Introduction: More than 95% of cases of Congenital Adrenal Hyperplasia (CAH) are due to 21-hydroxylase deficiency. This enzyme deficiency can present as either severe classic form or the non classic form. Severe classic forms present early in life and include the salt wasting and simple virilising types. Data regarding the clinical profile and particularly follow up of the neonates admitted with this deficiency are lacking in developing countries.
Aim: To study the clinical profile, predictors of outcome and anthropometric parameters at follow up of neonates admitted with classical 21-hydroxylase deficiency.
Materials and Methods: This observational study (retrospective part for clinical profile and predictors of outcome, prospective cross-sectional assessment of height, weight, z scores and adequacy of treatment on follow up) included 40 neonates admitted with classical 21-hydroxylase deficiency to newborn ward of Institute of Child Health, Tertiary Neonatal Teaching Hospital in Chennai, South India from September 2006 to September 2016. Descriptive statistics were used to describe baseline variables.
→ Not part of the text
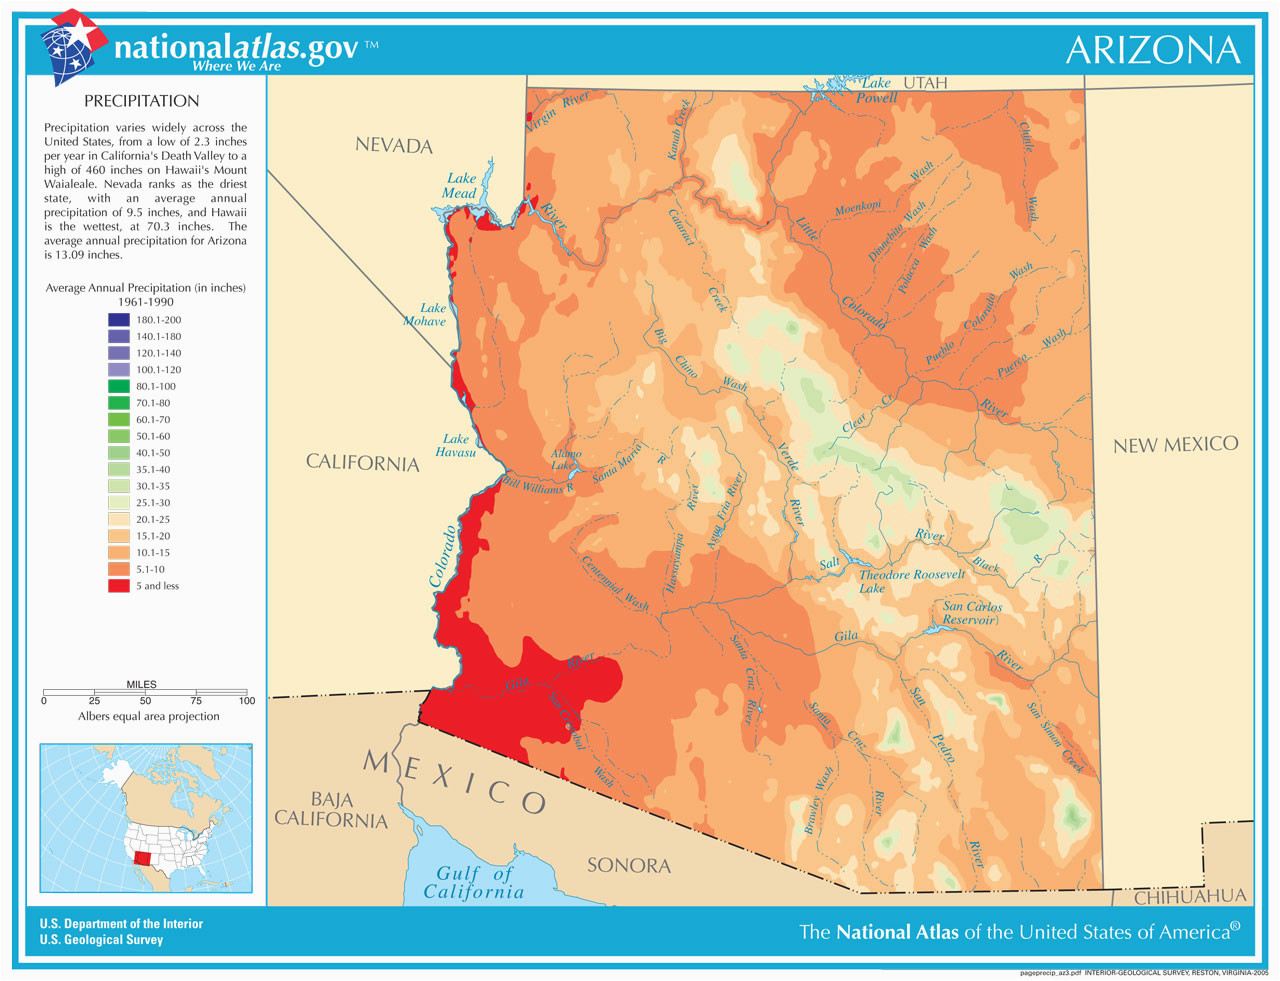 arizona s water uses and sources the arizona experience

Results: Out of 40 neonates, 22 presented with salt wasting and 18 with simple virilising type. Five babies were lost to follow up. Eight babies with the salt wasting and one with simple virilising form of CAH passed away on follow up. Presence of shock/severe dehydration, hyponatraemia (Na<125), weight loss in the salt wasting group at admission was not statistically significant predictors of their death. Poor compliance to medication was significantly higher in the parents who lost their children on follow up. Twenty-six children were present for recording anthropometric data after all the losses to follow up.
Conclusion: A high index of suspicion of CAH in babies with typical clinical features will prevent any delay in diagnosis and treatment. Not only the acute management, but adequate counseling, compliance to medication and growth monitoring are also of utmost importance in managing these children.